According to Ng, this shifting preference is because UGC captures more genuine experiences and unbiased opinions, which fosters trust towards the content. With this trust, UGC also better enables informed decision-making, reflecting how consumers on social media increasingly value authenticity.  

“Brands leverage UGC to engage audiences, build brand authenticity, and foster community,” he explained. 

Jarrod Reginald, executive creative director, The Chariot Agency 

“Content creators.”  

With platforms like TikTok implementing e-commerce features, Reginald envisioned that other platforms would also start implementing similar products. This paves the way for content to take up more importance. 

“Content creators will have the upper hand in the market, I believe,” he said. While he acknowledged that the change might not be immediate, he expressed belief that the market is gearing towards content.   
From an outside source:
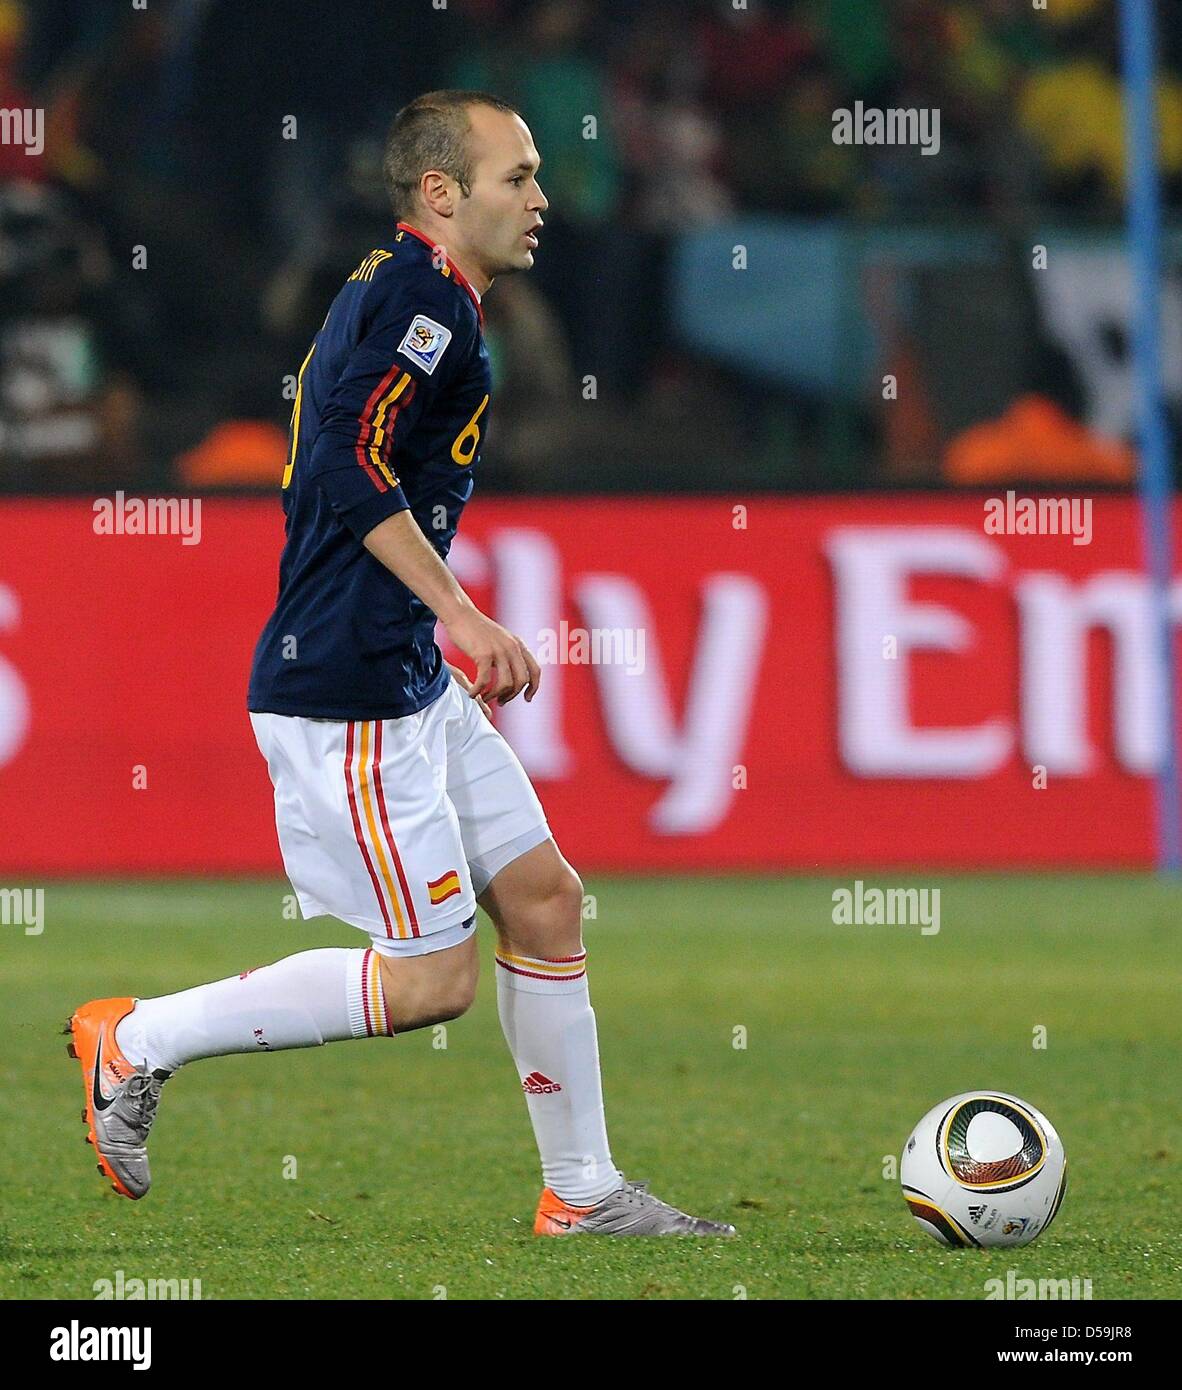 Spain's Andres Iniesta during the 2010 FIFA World Cup group H match between Chile and Spain at Loftus Versfeld Stadium in Pretoria, South Africa 25 June 2010. Photo: Marcus Brandt dpa - Please refer to http://dpaq.de/FIFA-WM2010-TC Stock Photo

Meanwhile, he also suggested that there would be a dip in media buys, as social platforms with built-in commerce are on the rise.   

Florence Kong, founder and managing director, We Glow Hong Kong 

“Influencers and creators.” 

Citing how the creator economy has significantly grown with platforms like Meta and YouTube, Kong posited that influencers and creators on social media will drive growth in 2024.  

“These platforms have dedicated resources to support and incentivise creators in developing content and communities,” she said. Consequently, these resources further drive growth through creators.